**How to complete this task:** Look below for the line with "My Zombie Pinup Calendar 06/12"; begin the copy there and stop after the line with "focuspulledfireworks-7.jpg", keeping the text exact and the pictures out.

**Exercise data:**
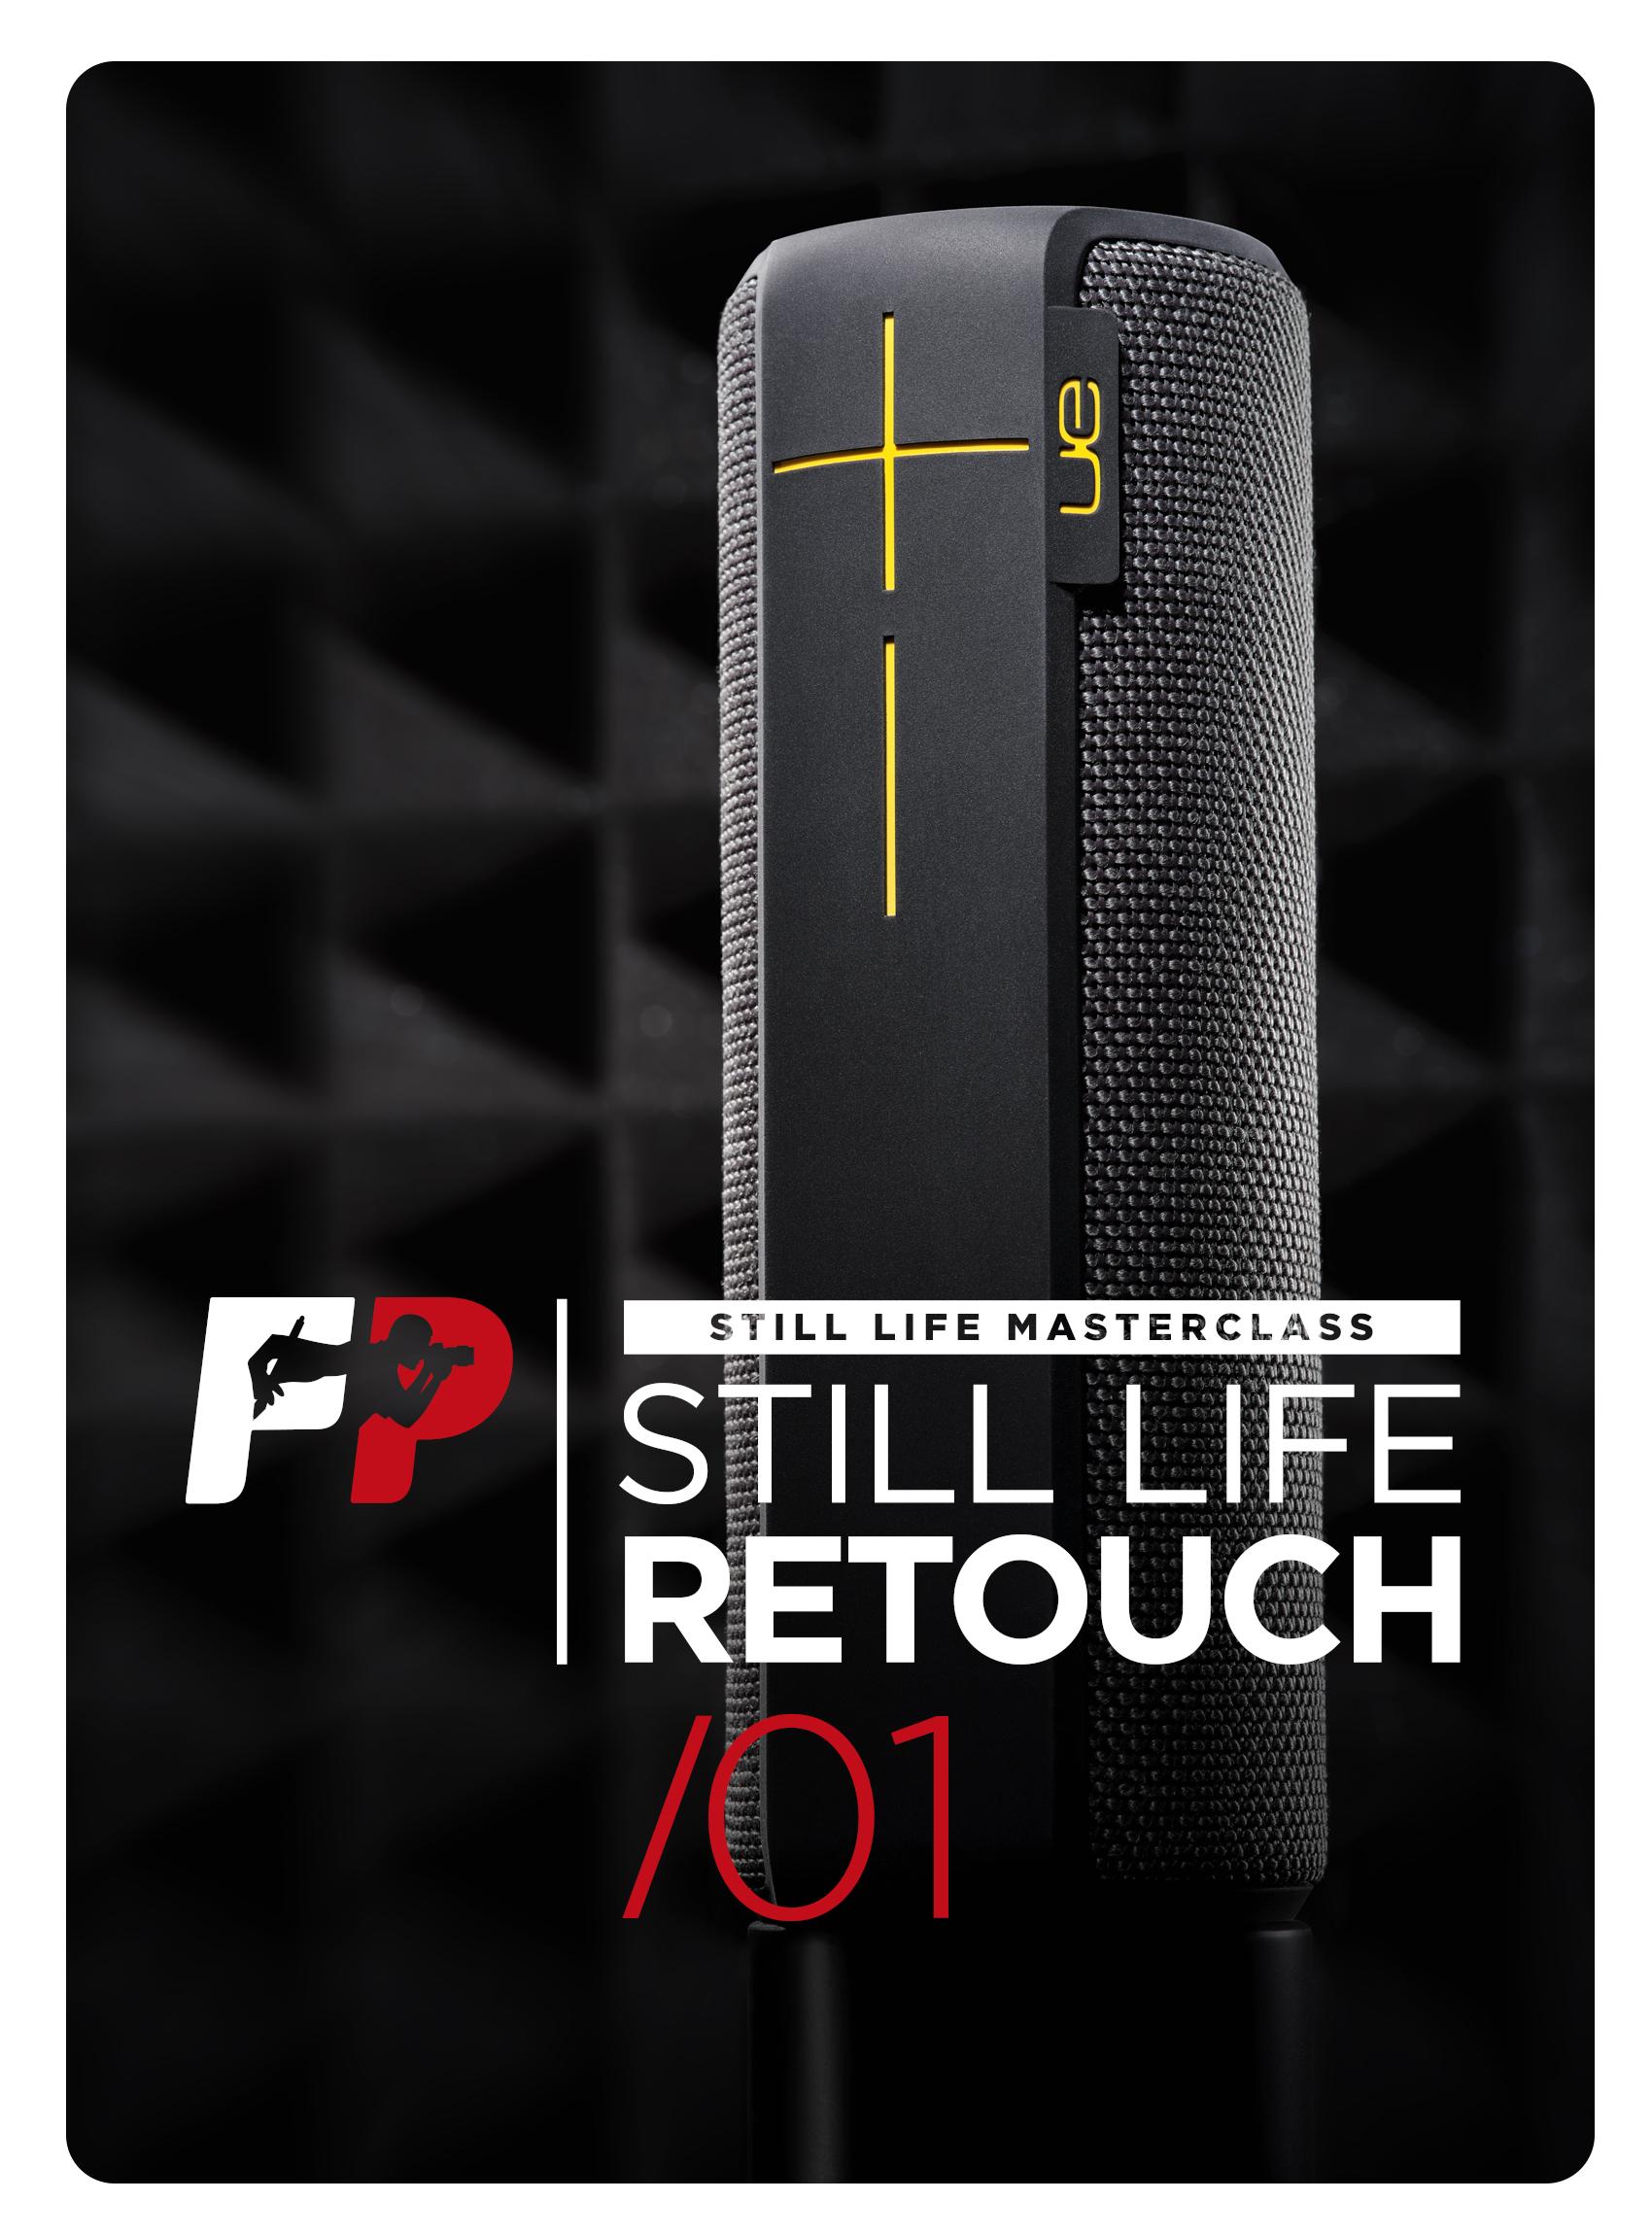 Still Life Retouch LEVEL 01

* * *

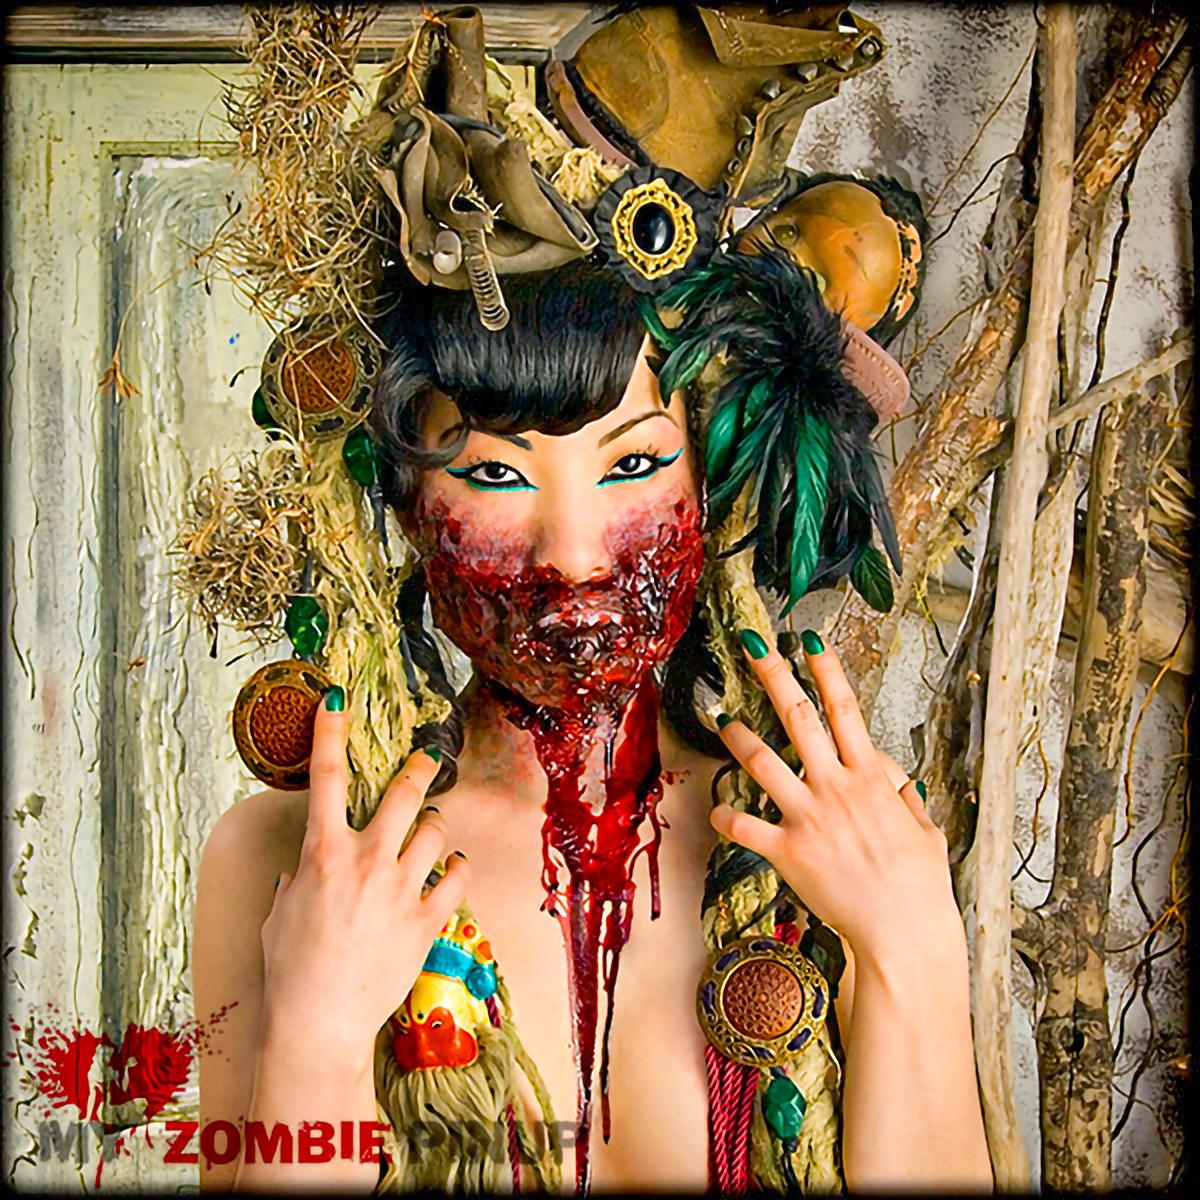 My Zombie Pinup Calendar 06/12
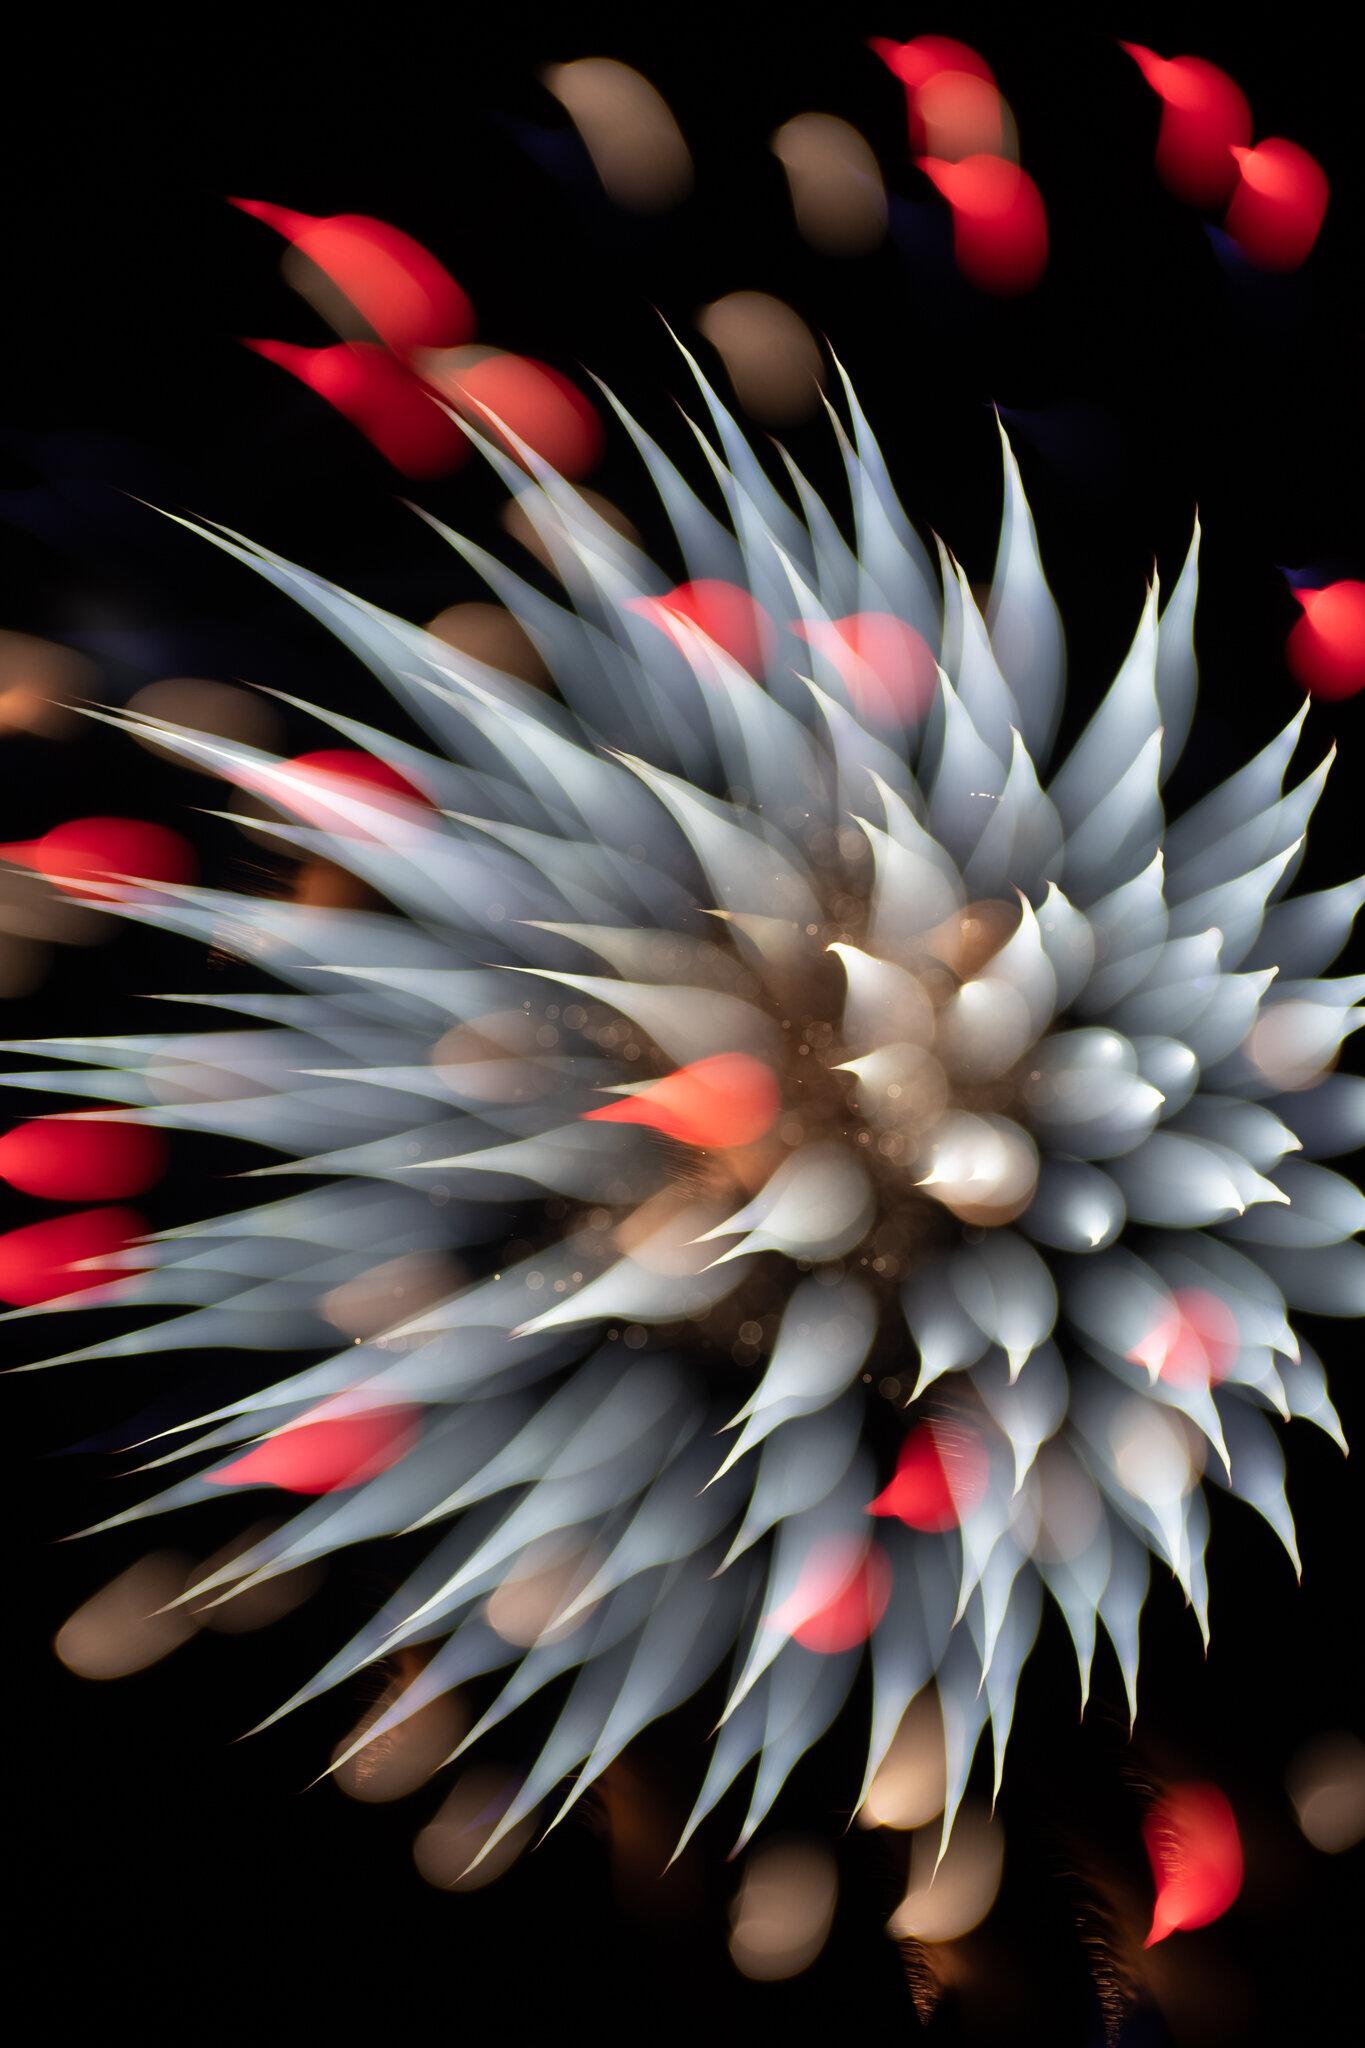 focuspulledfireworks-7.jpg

**The answer:**
 My Zombie Pinup Calendar 06/12
 focuspulledfireworks-7.jpg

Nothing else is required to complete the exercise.